- The paper introduces the Siren framework, which leverages collaborative RVQ transformers and reinforcement learning to address orthogonality and semantic degradation challenges.
- It distributes the RVQ code prediction task among multiple transformers with causal conditioning to improve interdependency and reduce learning friction.
- Experiments demonstrate that Siren outperforms existing language model and diffusion-based systems on benchmarks like AudioCaps, achieving state-of-the-art audio fidelity.
LLM Based Text-to-Audio Generation: Anti-Causally Aligned Collaborative Residual Transformers
Introduction
The work discusses the application of autoregressive LLMs (LMs) equipped with Residual Vector Quantization (RVQ) tokenizers in the field of text-to-audio (T2A) generation, and attempts to address their current limitations when compared to diffusion-based models. The authors acknowledge the benefits of higher audio reconstruction fidelity that come with increasing RVQ layers, but indicate the resulting complexity exceeds the generation capabilities of conventional LMs. The paper introduces the Siren framework, which leverages multiple isolated transformers alongside reinforcement learning for anti-causal alignment. This method aims to enhance audio synthesis fidelity, thus challenging the supremacy of diffusion models in T2A tasks.
Methodology
The authors of the paper identify two significant issues hindering the performance of RVQ-facilitated LMs: the orthogonality of features across RVQ layers, and the diminishing semantic richness in deeper layers. These problems affect both the training effectiveness of LMs and perpetuate exposure bias during autoregressive decoding.
To mitigate these issues, the Siren framework employs several key innovations. Siren distributes the RVQ code prediction task among multiple transformers—each tasked with a subset of the RVQ layers—in order to reduce the inherent learning friction within any single transformer. This is augmented through causal conditioning to preserve interdependency among RVQ codes. To further address semantic degradation and exposure bias, Siren implements reinforcement learning to align the outputs of the transformers, enhancing the fidelity and stability of generated audios.
Figure 1: Residual Vector Quantization Process, showing the quantization sequences and their performance update as RVQ depth increases.
Figure 2: Demonstrates the orthogonality and semantic degradation challenges in RVQ with layer-specific feature distributions and learning curve disparities.
Experimental Results
The Siren framework was evaluated through extensive experimentation, demonstrating that it outperformed existing LM and diffusion-based T2A systems on key benchmarks like AudioCaps. By effectively bridging the representational gap between discrete LM tokens and continuous audio structures, Siren achieves superior fidelity in audio generation tasks. The framework showcases its ability to produce state-of-the-art audio outputs with enhanced clarity, aligning closer to diffusion model outputs, which have historically dominated due to their prowess in managing continuous data features.

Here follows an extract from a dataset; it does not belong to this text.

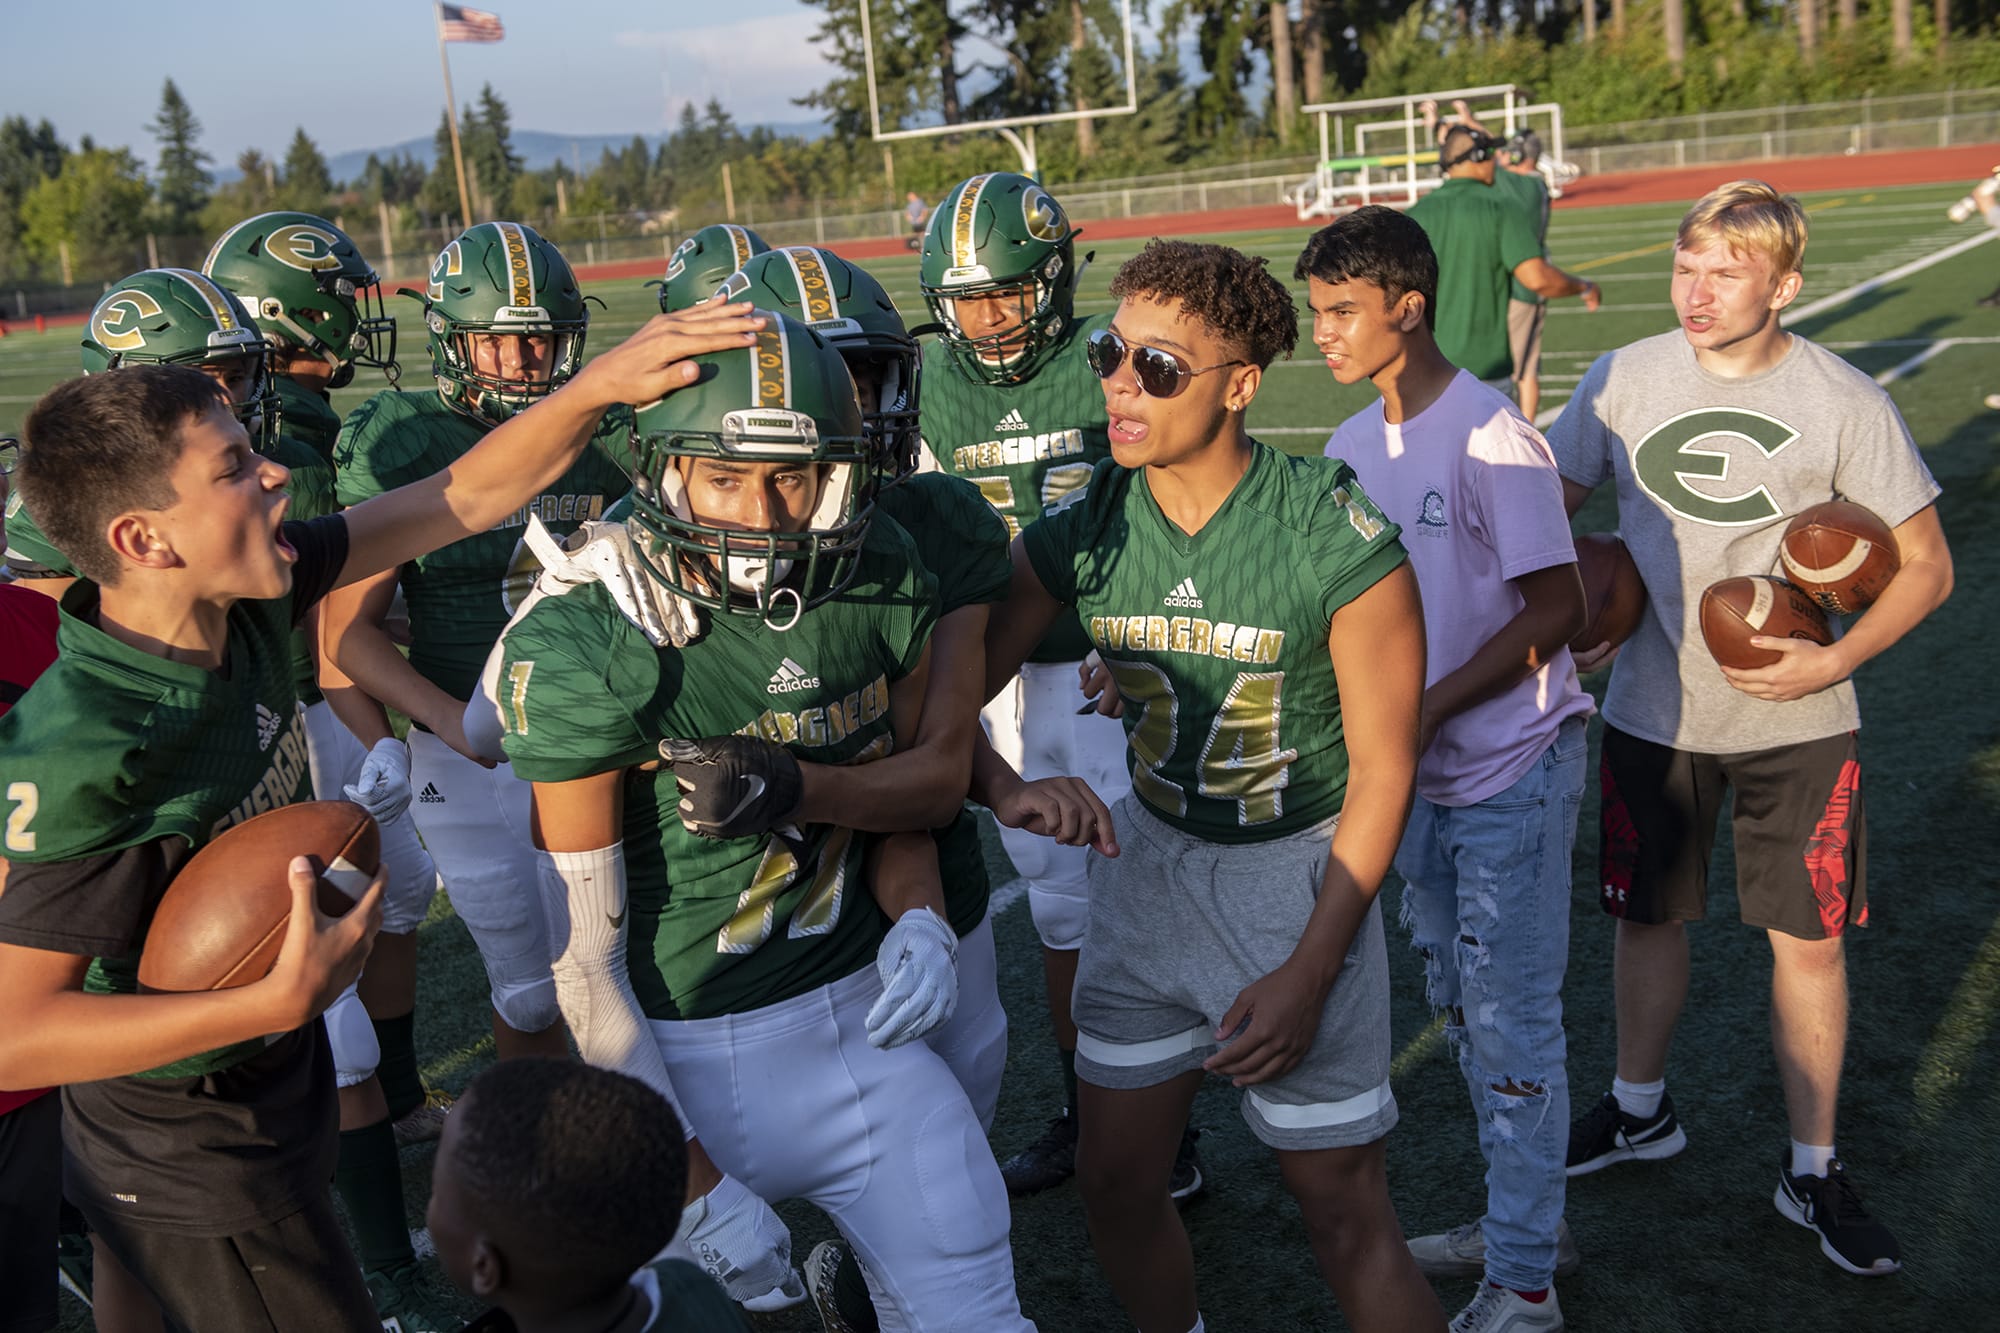 Evergreen’s Shane Newell (17) is congratulated by teammates after making a big play in the third quarter of the season opener at McKenzie Stadium in Vancouver on Friday evening, September 6, 2019.

Figure 3: The pipeline of the proposed Siren framework, utilizing parallel transformers for efficient RVQ code predictions and audio waveform recovery.
Figure 4: Reinforcement learning strategy in Siren used for aligning initial transformer outputs to enhance audio quality.
Implications and Future Directions
The advances presented by the Siren framework have notable implications in the T2A domain, suggesting LMs as viable competitors to diffusion models by harnessing collaborative and reinforcement learning strategies. This paradigm shift not only improves audio fidelity but also opens avenues for constructing more integrated, multi-modal generation frameworks that could extend beyond audio to synergize with visual and textual modalities.
Theoretically, future work may explore optimizing the collaborative training of transformers further, improving data efficiency and extending the application of anti-causal alignments in more granular sequence prediction tasks. Practically, enhancing tokenizer architecture to better capture high-level acoustic semantics appears to be a promising area for development, potentially reducing model size while maintaining output quality.
Conclusion
The research presents a comprehensive approach to overcoming the inherent challenges of applying LMs in T2A tasks. By resolving key barriers like RVQ feature orthogonality and semantic degradation through Siren's innovative framework, the paper sets a new benchmark for T2A systems, challenging diffusion models' dominance. Future advancements promise even greater integration across modalities, revolutionizing how audio generation is approached in AI research.